Facebook Inc (NASDAQ:FB) is being recommended for investigation by Janet Tavakoli, president of Tavakoli Structured Finance. In her editorial blog on Huffington Post, she suggests that Facebook could be pulling the old “pump and dump” routine on its stock, and she says that the Securities and Exchange Commission should investigate.
Right now there is an investigation regarding Facebook Inc (NASDAQ:FB)’s underwriters, who are accused of giving downward earnings guidance during the company’s initial public offering in May to some investors but not to others. She also points out that Facebook’s officers have been selling stock this month—prior to a major announcement involving Zynga Inc (NASDAQ:ZNGA).
Of course, we now know the details of the contract negotiation that has been going on between Facebook Inc (NASDAQ:FB) and games maker Zynga Inc (NASDAQ:ZNGA), and as Tavakoli points out, if any officers knew that the two companies had a falling out and then sold their stock before the information was made public, they could be in trouble.
In Facebook’s SEC filing for the period ending in September, one key sentence indicates just how important Facebook viewed its relationship with Zynga “If Zynga does not maintain its level of engagement with our users, or if we are unable to successfully maintain our relationship with Zynga Inc (NASDAQ:ZNGA), our financial results could be harmed.”

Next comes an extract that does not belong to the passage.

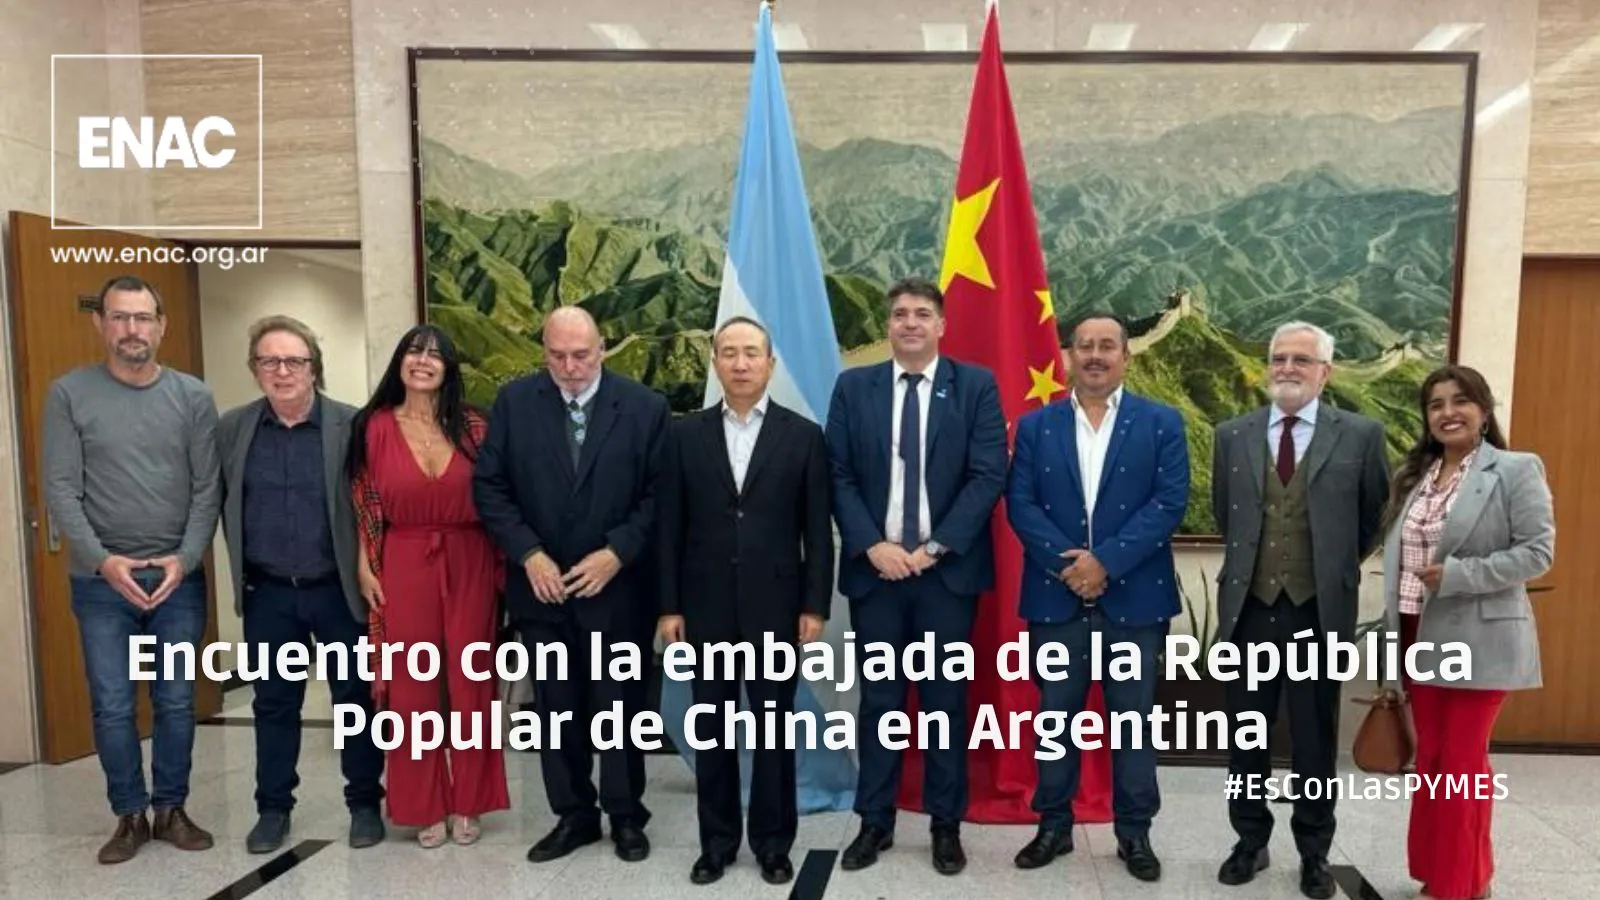 Embajada de la República Argentina en China
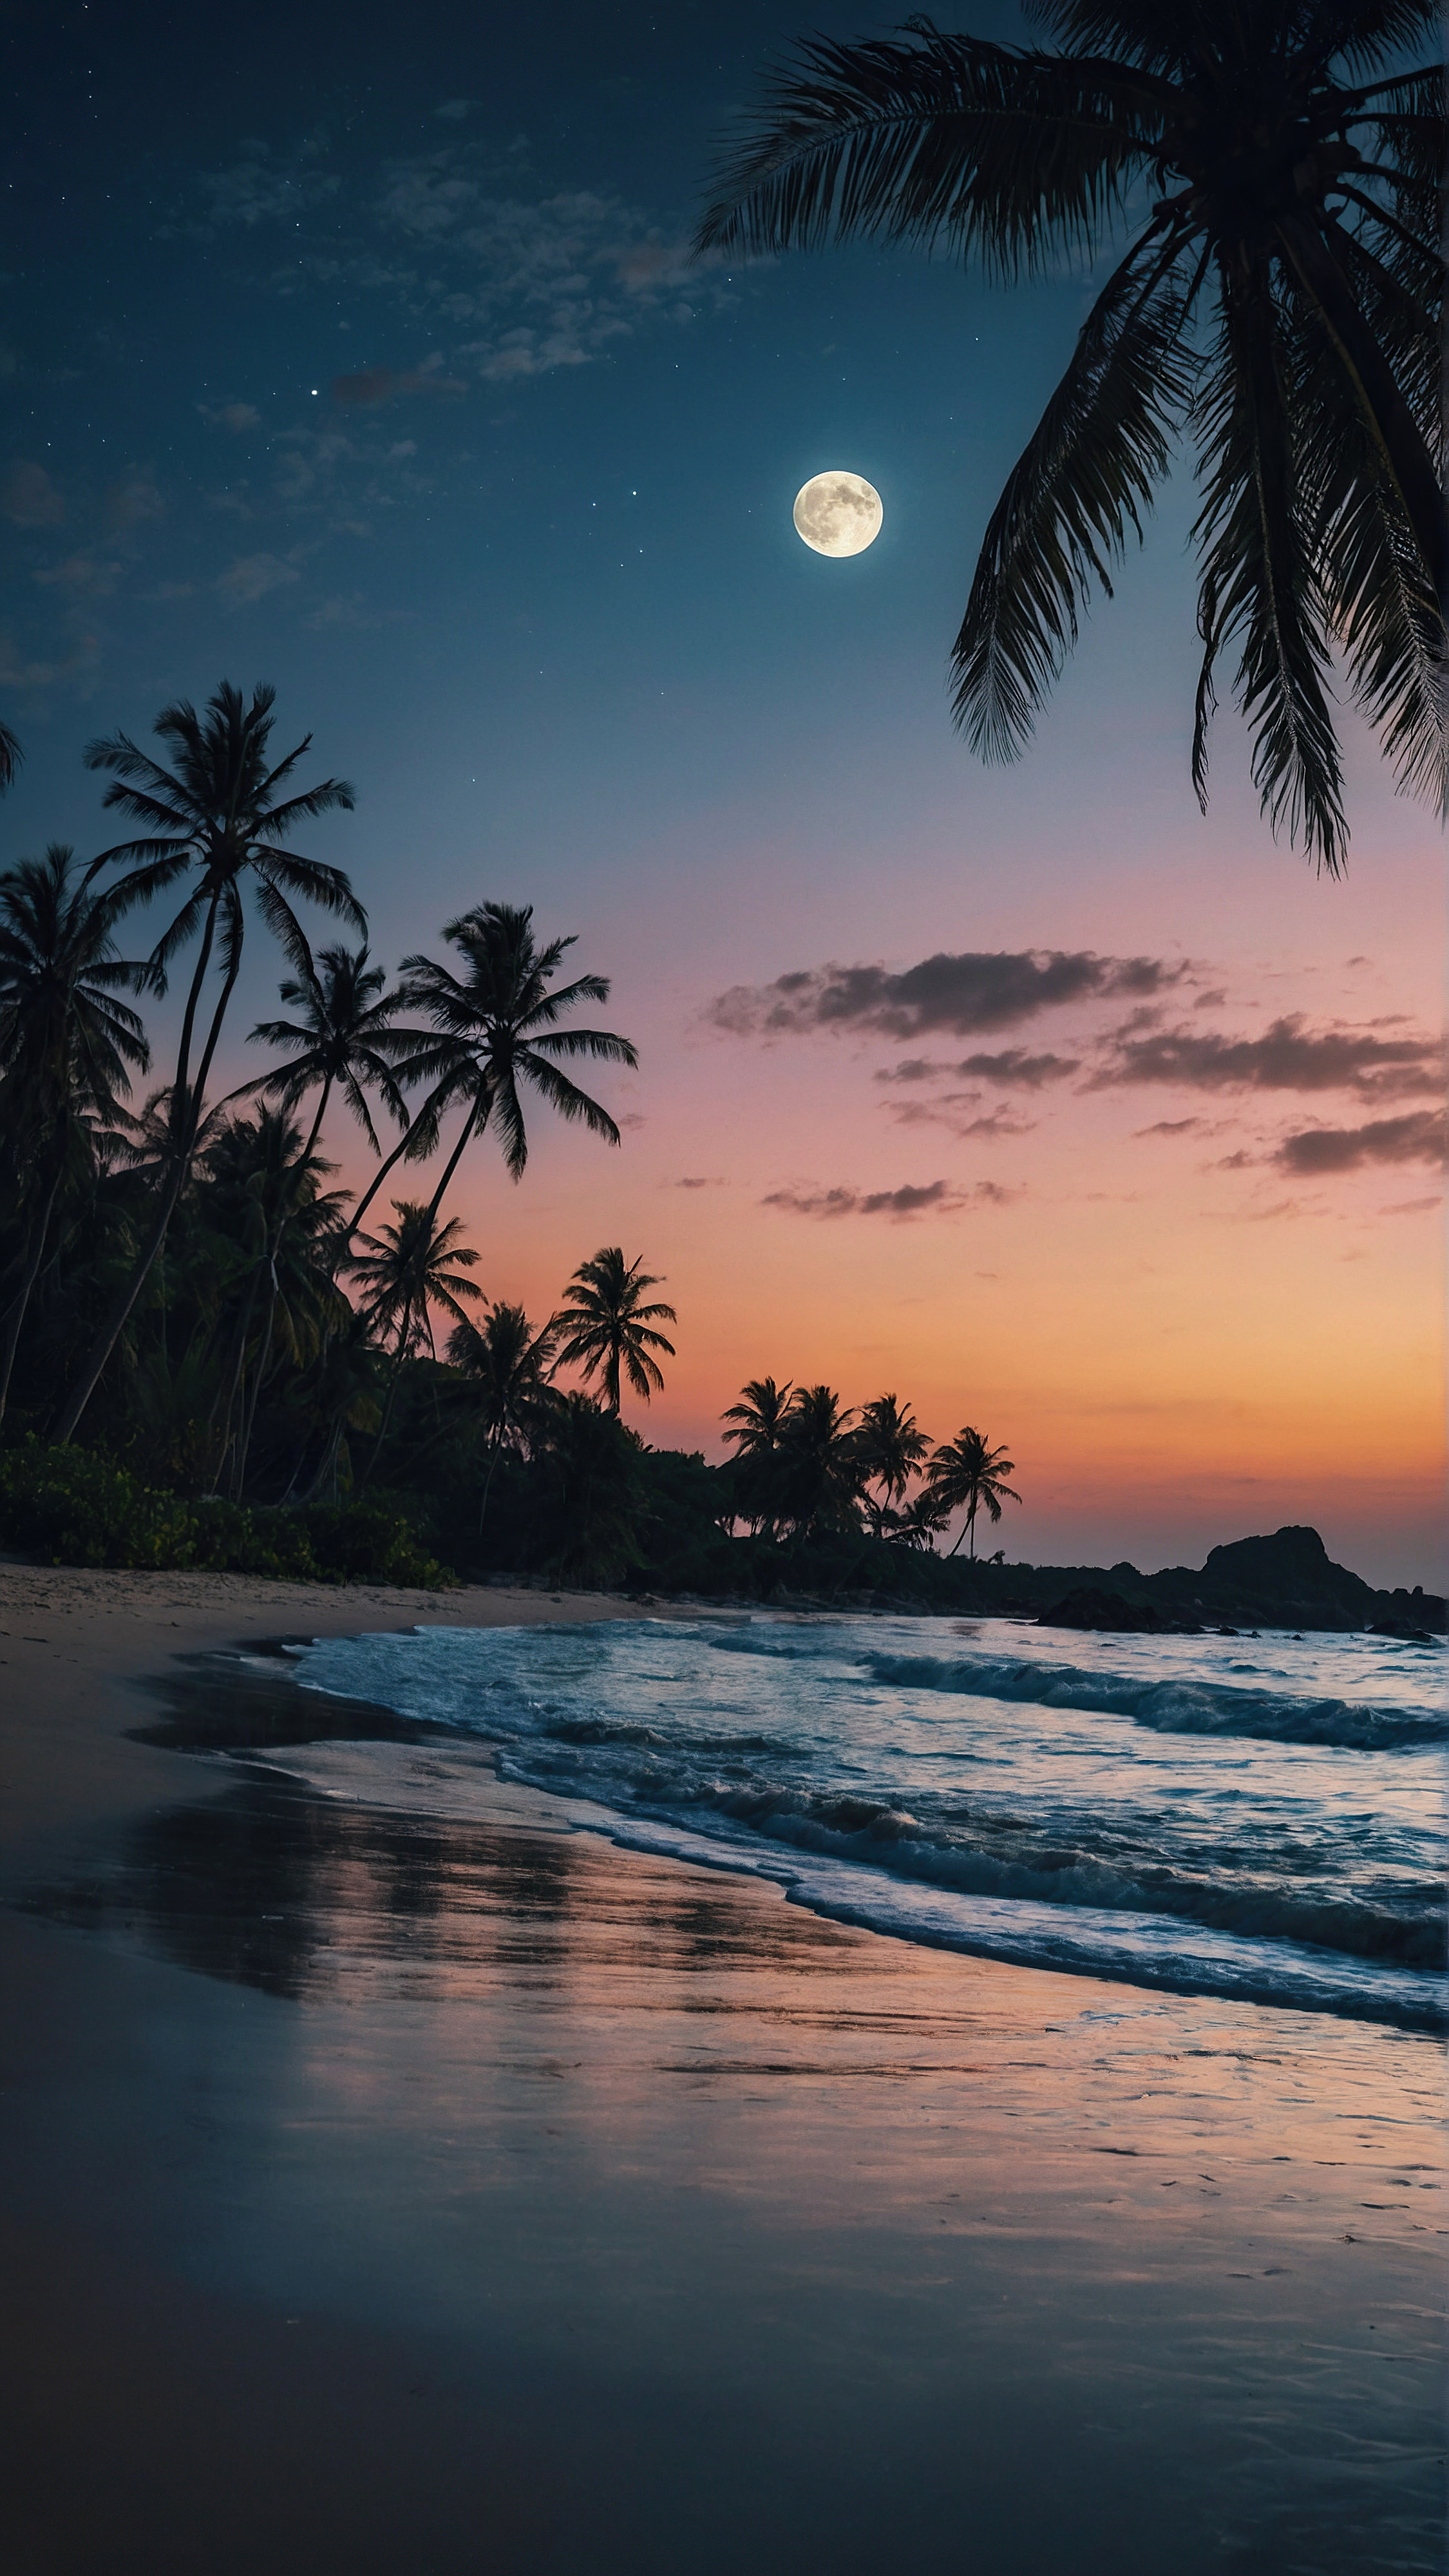 Découvrez le charme tropical de notre fond d'écran iPhone en 4K gratuit, où une grande lune illumine une scène de plage envoûtante au crépuscule, se reflétant sur les vagues qui clapotent doucement et mettant en valeur les silhouettes des palmiers dans ce paysage serein.

So the question remains: did Facebook’s officers know that Facebook’s relationship with Zynga Inc (NASDAQ:ZNGA) was in jeopardy when they decided to sell their stock? Or was Mark Zuckerberg handling the negotiations on his own without informing any of his officers?
Tavakoli also writes about Facebook’s public relations campaigns, which have focused on the site’s strategy to bring in revenue through mobile advertising and its so-called “sponsored stories,” which now are in trouble because of a suit that’s been filed in California. And her list of Facebook Inc (NASDAQ:FB) strategies that end up being in trouble because of one reason or another goes on. She notes that Facebook drives publicity on various strategies like these, potentially to push up stock prices, and then those strategies seem to fail for various reasons.
So is the Zynga Inc (NASDAQ:ZNGA) relationship another Facebook Inc (NASDAQ:FB) strategy that’s gone wrong at just the right time?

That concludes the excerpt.